[[ Exercise data, beginning ]]
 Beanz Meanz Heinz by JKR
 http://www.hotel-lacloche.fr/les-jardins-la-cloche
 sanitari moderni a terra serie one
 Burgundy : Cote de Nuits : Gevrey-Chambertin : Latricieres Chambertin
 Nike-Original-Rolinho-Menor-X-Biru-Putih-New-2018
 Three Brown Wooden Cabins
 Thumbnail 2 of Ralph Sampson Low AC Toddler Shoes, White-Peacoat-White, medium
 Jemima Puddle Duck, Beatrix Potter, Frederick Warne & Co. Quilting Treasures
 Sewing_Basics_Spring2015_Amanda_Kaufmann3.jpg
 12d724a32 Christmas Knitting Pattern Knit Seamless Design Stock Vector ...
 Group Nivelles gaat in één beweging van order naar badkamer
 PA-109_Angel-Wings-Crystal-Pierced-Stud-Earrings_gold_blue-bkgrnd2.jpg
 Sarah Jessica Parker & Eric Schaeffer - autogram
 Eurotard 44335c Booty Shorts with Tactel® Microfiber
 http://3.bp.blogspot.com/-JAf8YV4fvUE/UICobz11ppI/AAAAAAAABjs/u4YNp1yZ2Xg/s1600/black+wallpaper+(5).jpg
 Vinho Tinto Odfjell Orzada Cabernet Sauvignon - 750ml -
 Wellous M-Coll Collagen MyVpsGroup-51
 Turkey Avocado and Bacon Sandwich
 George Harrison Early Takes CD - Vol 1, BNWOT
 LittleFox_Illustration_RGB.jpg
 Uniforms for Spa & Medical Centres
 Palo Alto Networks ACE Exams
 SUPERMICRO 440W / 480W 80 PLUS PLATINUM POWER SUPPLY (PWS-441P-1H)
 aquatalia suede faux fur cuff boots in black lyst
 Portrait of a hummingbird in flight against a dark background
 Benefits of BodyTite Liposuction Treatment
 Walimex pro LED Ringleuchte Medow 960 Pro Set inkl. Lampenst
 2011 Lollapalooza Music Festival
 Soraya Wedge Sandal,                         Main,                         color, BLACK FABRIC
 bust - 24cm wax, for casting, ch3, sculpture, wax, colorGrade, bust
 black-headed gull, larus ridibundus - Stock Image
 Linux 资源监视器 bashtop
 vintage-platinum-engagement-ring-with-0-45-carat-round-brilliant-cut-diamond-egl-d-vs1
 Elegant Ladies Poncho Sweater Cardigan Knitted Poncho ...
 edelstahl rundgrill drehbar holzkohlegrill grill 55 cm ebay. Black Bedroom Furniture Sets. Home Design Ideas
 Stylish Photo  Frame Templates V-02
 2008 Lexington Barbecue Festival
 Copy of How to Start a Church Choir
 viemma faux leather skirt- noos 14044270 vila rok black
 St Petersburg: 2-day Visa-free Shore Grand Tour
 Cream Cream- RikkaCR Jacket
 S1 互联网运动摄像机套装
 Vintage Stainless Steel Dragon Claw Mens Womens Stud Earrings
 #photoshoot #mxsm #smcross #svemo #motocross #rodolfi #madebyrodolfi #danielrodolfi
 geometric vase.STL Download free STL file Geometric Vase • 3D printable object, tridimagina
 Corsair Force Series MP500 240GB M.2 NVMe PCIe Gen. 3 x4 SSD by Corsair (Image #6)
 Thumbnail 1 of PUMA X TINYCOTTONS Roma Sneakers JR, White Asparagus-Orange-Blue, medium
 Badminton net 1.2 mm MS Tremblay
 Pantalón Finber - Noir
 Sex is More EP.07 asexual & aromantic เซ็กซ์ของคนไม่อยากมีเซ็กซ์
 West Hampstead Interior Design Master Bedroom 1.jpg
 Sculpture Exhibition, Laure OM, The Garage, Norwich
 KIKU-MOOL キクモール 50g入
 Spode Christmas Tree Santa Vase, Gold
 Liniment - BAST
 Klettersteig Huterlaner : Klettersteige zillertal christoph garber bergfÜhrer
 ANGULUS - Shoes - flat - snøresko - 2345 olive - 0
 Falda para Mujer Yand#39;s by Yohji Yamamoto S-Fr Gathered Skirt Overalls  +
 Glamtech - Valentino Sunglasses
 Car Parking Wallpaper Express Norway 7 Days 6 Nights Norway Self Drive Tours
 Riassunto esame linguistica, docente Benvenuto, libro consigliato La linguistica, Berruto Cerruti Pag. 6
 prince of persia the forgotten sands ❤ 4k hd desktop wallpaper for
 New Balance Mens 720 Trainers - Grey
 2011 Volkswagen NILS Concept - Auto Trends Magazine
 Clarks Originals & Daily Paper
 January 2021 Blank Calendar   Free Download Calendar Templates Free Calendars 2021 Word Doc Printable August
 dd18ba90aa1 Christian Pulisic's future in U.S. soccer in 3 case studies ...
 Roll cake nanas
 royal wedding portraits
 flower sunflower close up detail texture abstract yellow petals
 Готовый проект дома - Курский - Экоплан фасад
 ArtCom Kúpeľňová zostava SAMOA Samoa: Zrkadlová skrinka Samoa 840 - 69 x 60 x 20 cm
[[ Exercise data, end ]]
# Exercise objective
In the data above, retype exactly and only the lines between the one holding "St Petersburg: 2-day" and the one holding "#photoshoot #mxsm #smcross", inclusive.

# Output for this task
 St Petersburg: 2-day Visa-free Shore Grand Tour
 Cream Cream- RikkaCR Jacket
 S1 互联网运动摄像机套装
 Vintage Stainless Steel Dragon Claw Mens Womens Stud Earrings
 #photoshoot #mxsm #smcross #svemo #motocross #rodolfi #madebyrodolfi #danielrodolfi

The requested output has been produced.